Using others losses: Some creative gamblers are using losing lottery tickets that they didn't buy to reduce their federal tax bills.
Gamblers have concocted a scheme to repurpose the dud ducats to offset their winnings. A winner can go online and get $5,000 worth of losing lottery tickets to cover their $5,000 in gambling winnings. The lottery tickets serve as a sort of security blanket if the auditor comes calling.
Ads captured on Craigslist and eBay from Florida to California hawk the tickets so the potential lotto buyer can defraud Uncle Sam.
A Detroit-based seller was getting rid of $10,000 worth of scratch-off tickets for $500. "So ya don't look like a xxxxx :) come tax time," the ad reads.
Good luck with that.
Expect IRS questions: The Internal Revenue Service is going to find it awfully suspicious if in the year you happened to hit it big at the betting tables, you had just enough bets to offset all those winnings.
Be prepared to answer some questions about the specifics of your losing bets.
And if the scratch off game slips are from, say, New Jersey and you live in, oh, New Mexico, the tax man might want to see some evidence that you were in the Garden State for the dates those losing lottery tickets were issued.
Renting instead of buying: Some filers aren't even bothering to buy the losing lottery tickets. They're just renting them.
Companies are set up to rent losing lottery tickets just for tax audits, according to The Daily Beast story. They will lend them to the taxpayer for a certain period and if in that time the taxpayer is audited, they can use the tickets to justify the gambling loss deduction. After the audit, the tickets are returned to the owner to be lent to others.

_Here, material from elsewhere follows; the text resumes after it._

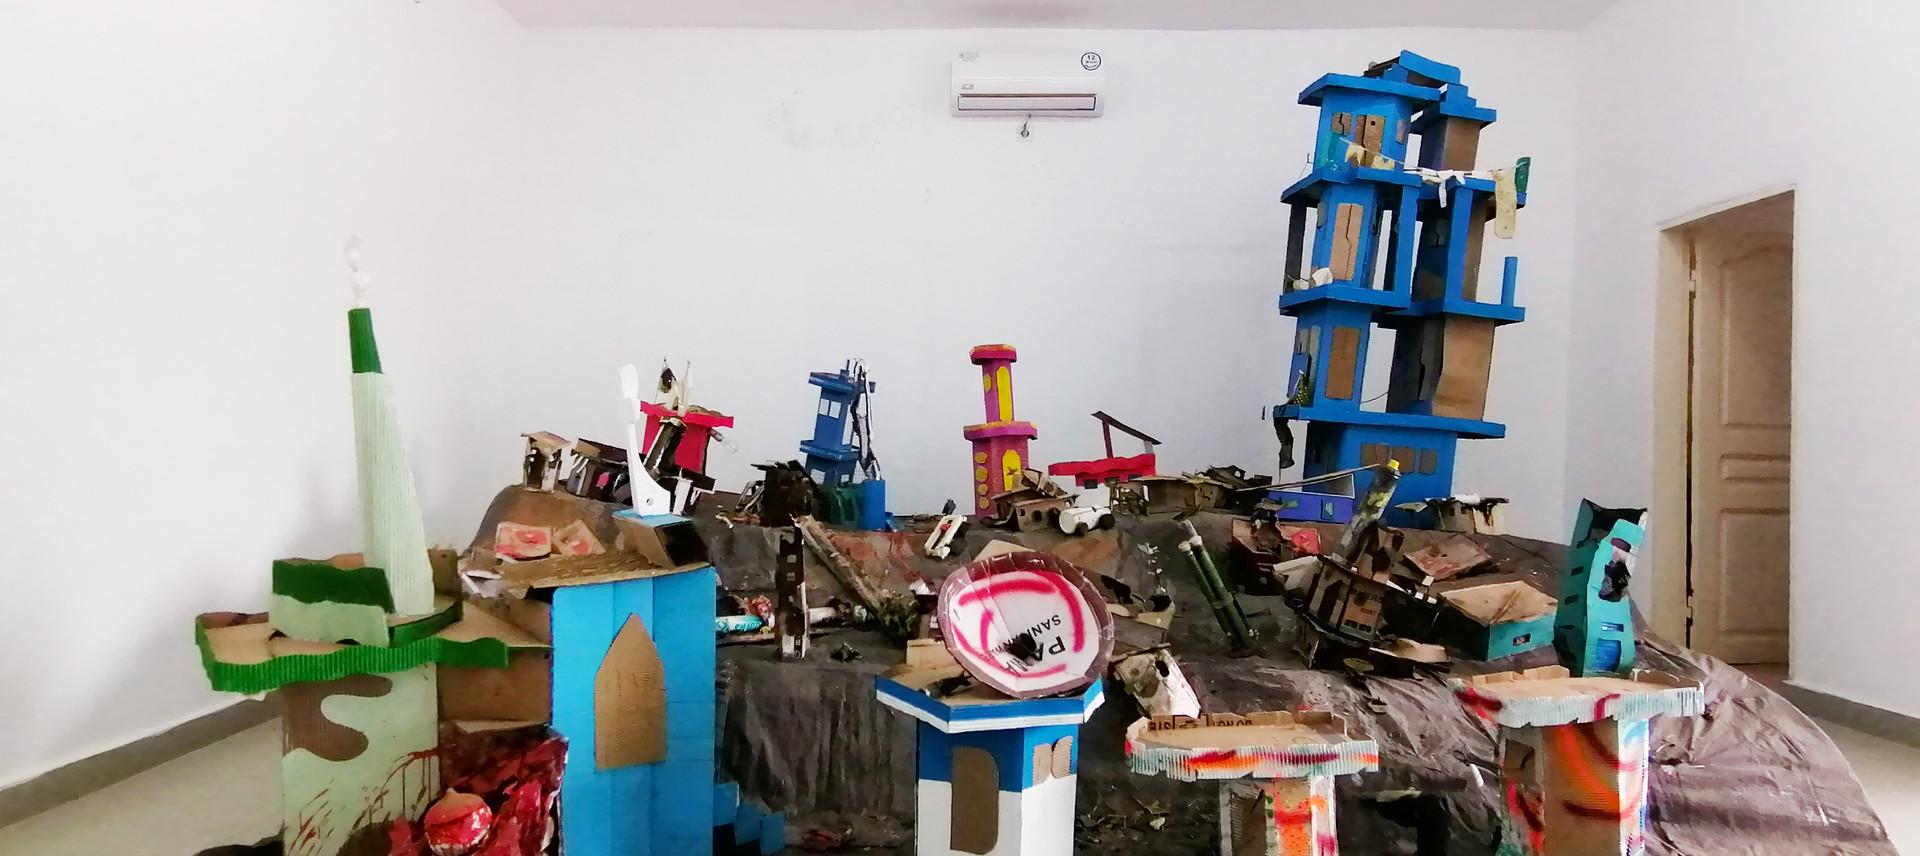 Les 3 salles d'expositions

In fact, reports the website, "possibly the first prosecution for this type of fraud was of none other than an accountant. Actually, he was a former IRS revenue officer named Henry A. Daneault."

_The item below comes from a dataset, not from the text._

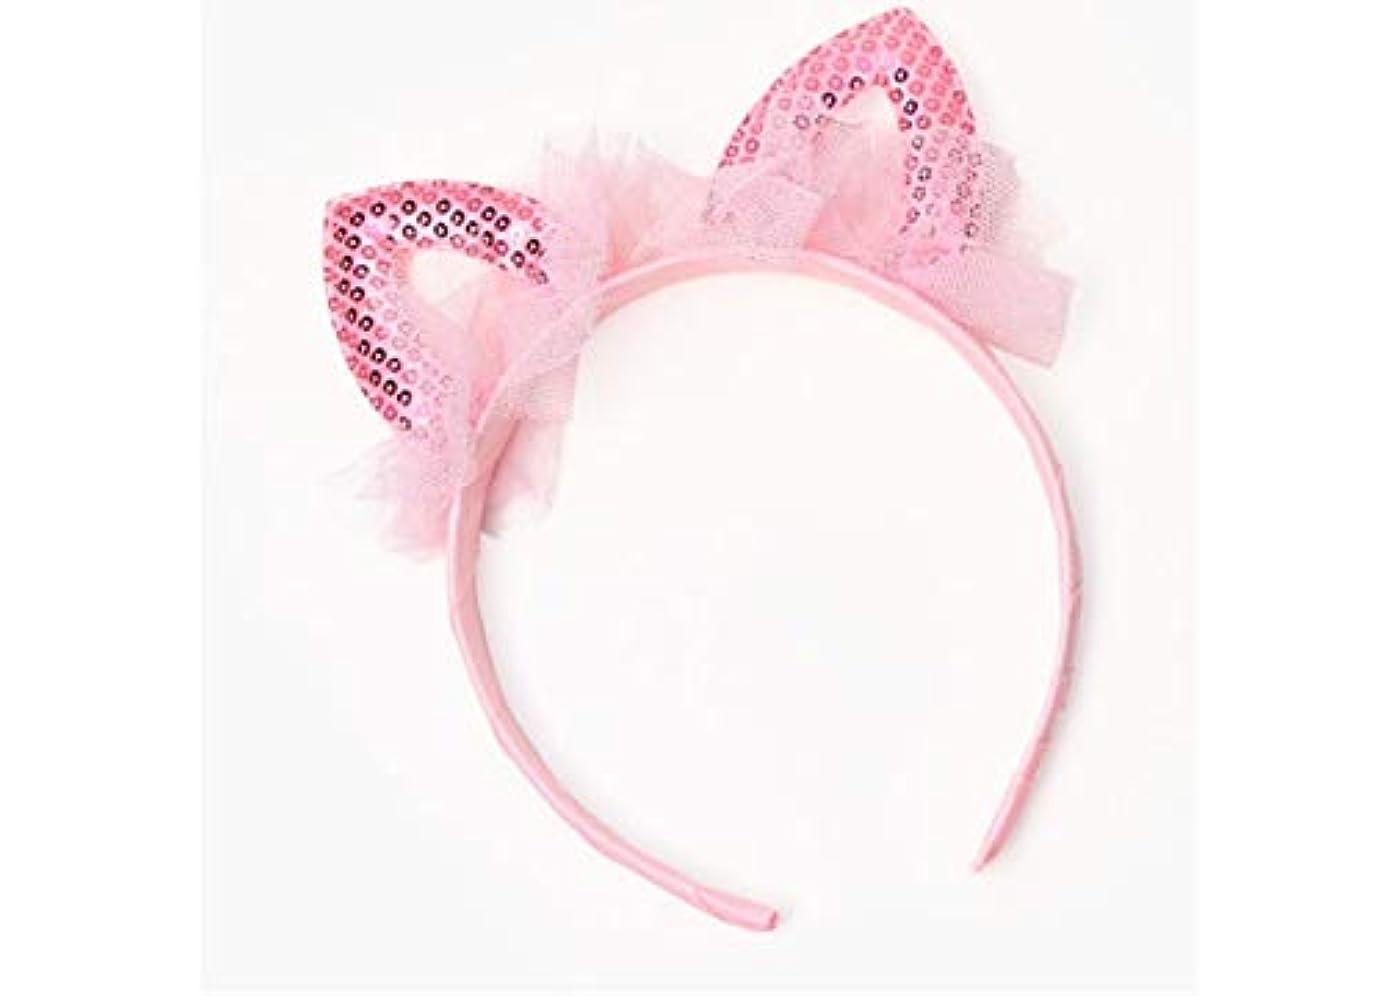 口述寮アパートMINGTAI 子供のヘッドバンド甘いレースの耳おかしいショーヘアピン女の子かわいいヘッドバンド帽子 (Color : Pink)

In 1985, one of Daneault's clients won a $2.7 million Massachusetts State Lottery Megabucks jackpot. Daneault, with his client's OK, decided to claim $65,000 in gambling losses for the year. When the IRS flagged the case, Daneault paid a Massachusetts man $500 to rent $200,000 worth of losing lottery and racetrack tickets for a month.
It didn't work. Both Daneault and his lottery-winning client Phillip Cappella pleaded guilty to tax fraud charges and served time in prison.
So keep your own losing betting receipts and nonpaying lottery tickets. I do. Those pictured above are some of my old ones that I held onto for naught since I never won a dang thing!
If I had won, though, they could have helped me reduce my gambling winnings.
But definitely don't try to claim someone else's losing tickets as yours, or you likely will face a loss of your freedom.